THE PROBLEM
Restate word for word the entries below, starting at the line with "boston red sox 2020 uniforms" and ending at the line with "1280px-Diamond_face_trigons_scale.jpg". Keep both end lines and omit the pictures.

LISTED RECORDS

■ ■ ■ ■ ■ ■ ■

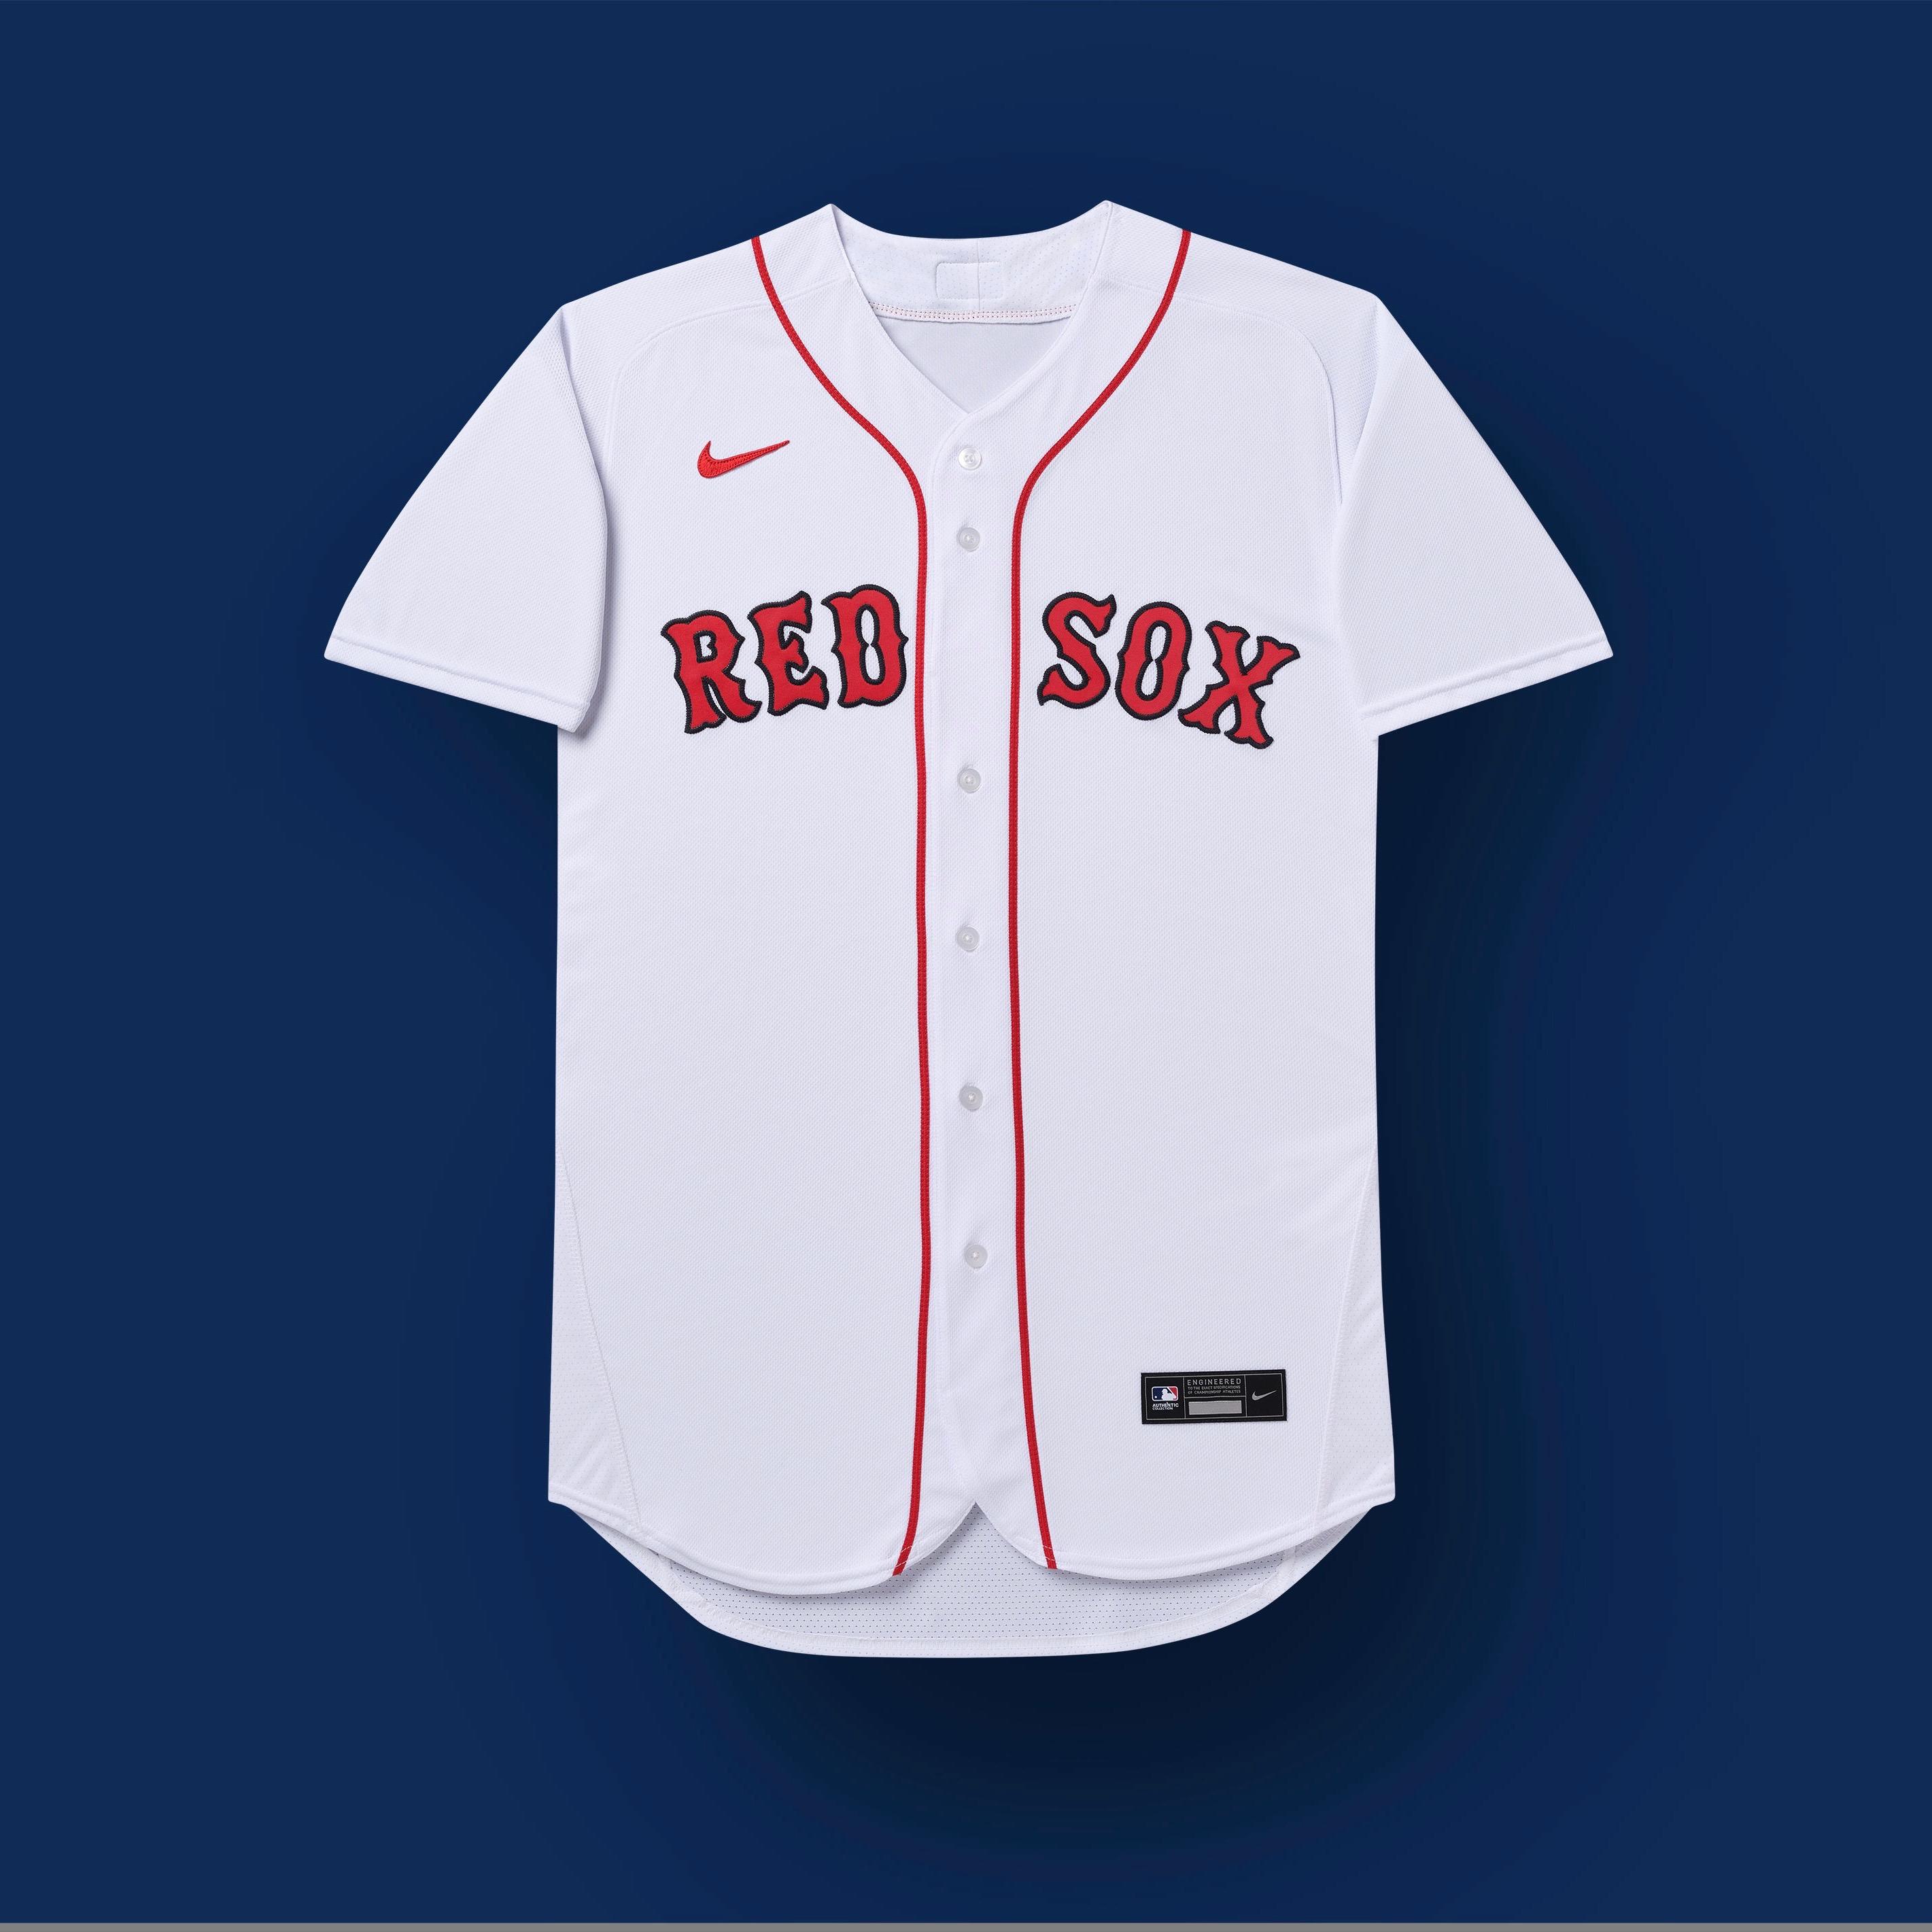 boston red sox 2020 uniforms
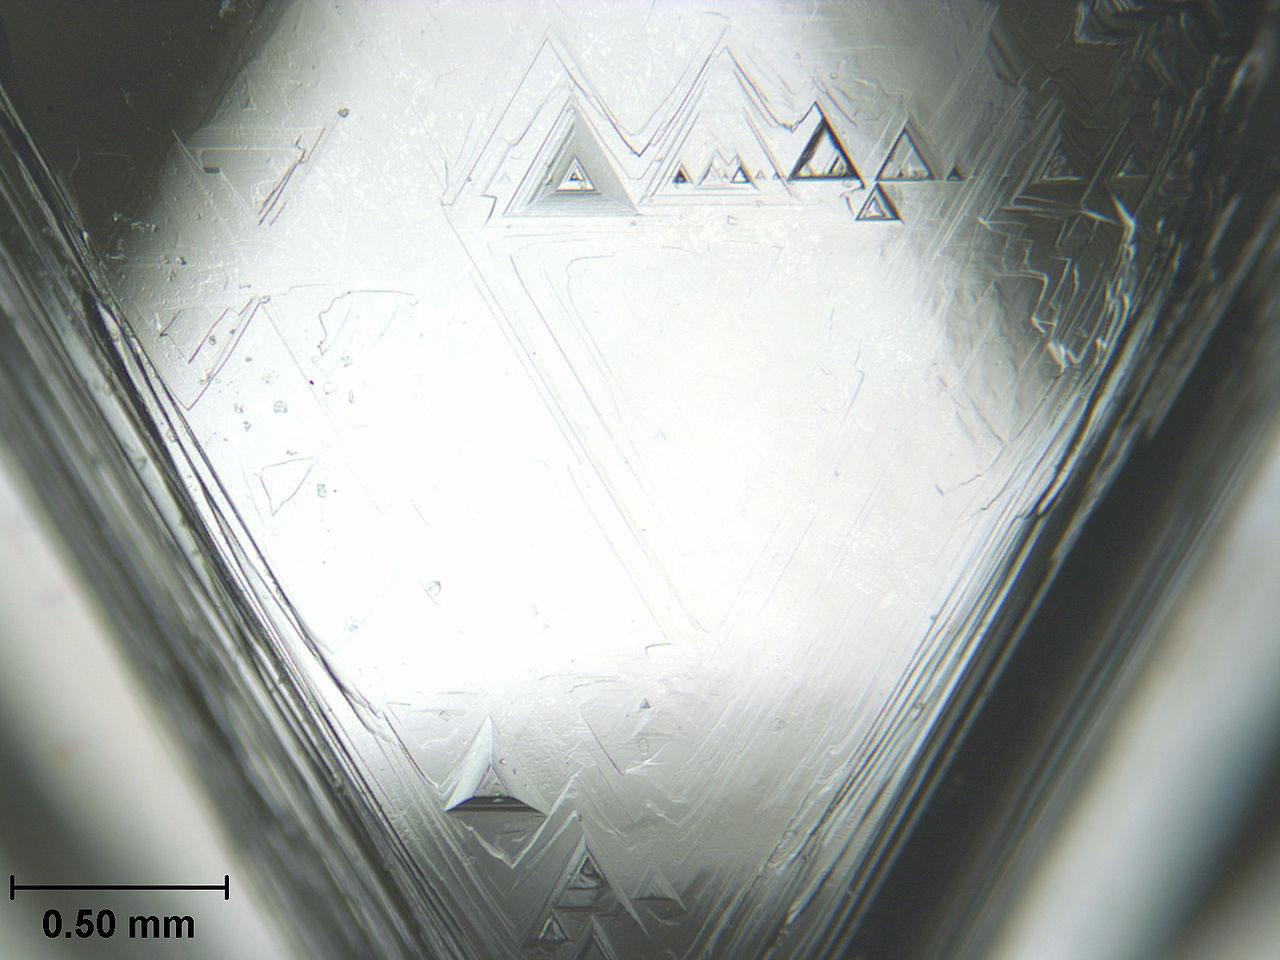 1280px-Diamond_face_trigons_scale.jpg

■ ■ ■ ■ ■ ■ ■

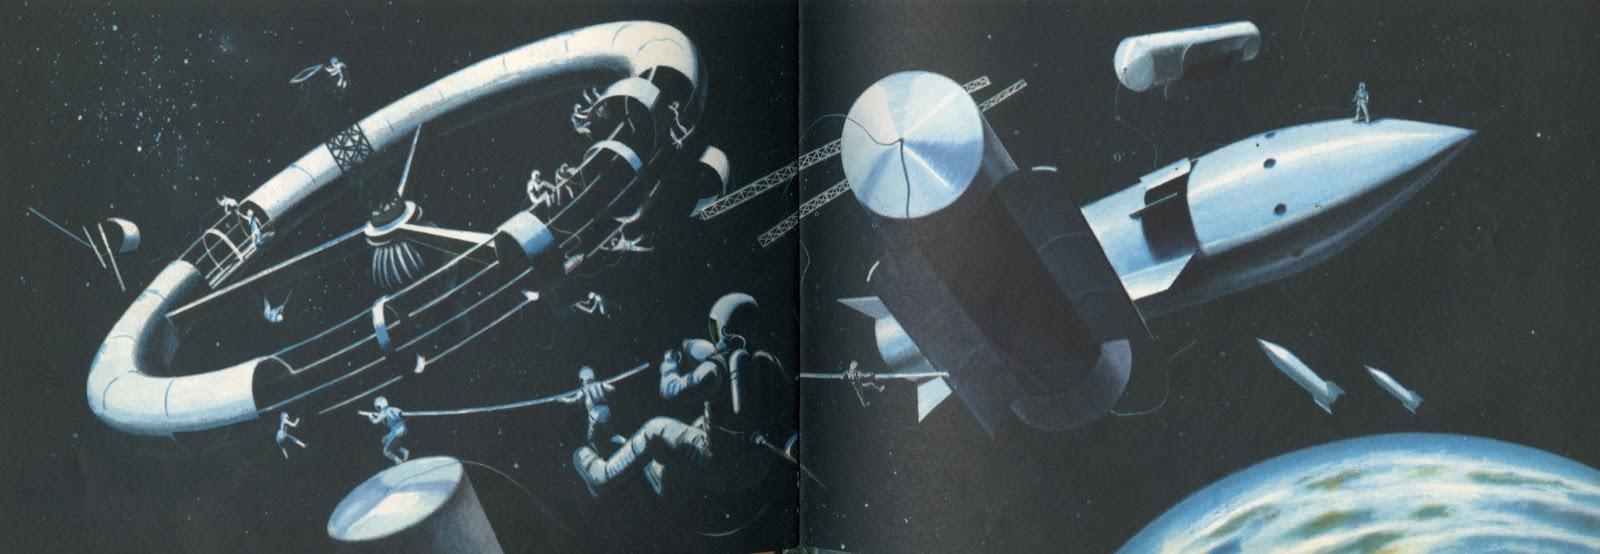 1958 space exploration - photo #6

■ ■ ■ ■ ■ ■ ■

OUTPUT FOR THIS TASK
 boston red sox 2020 uniforms
 1280px-Diamond_face_trigons_scale.jpg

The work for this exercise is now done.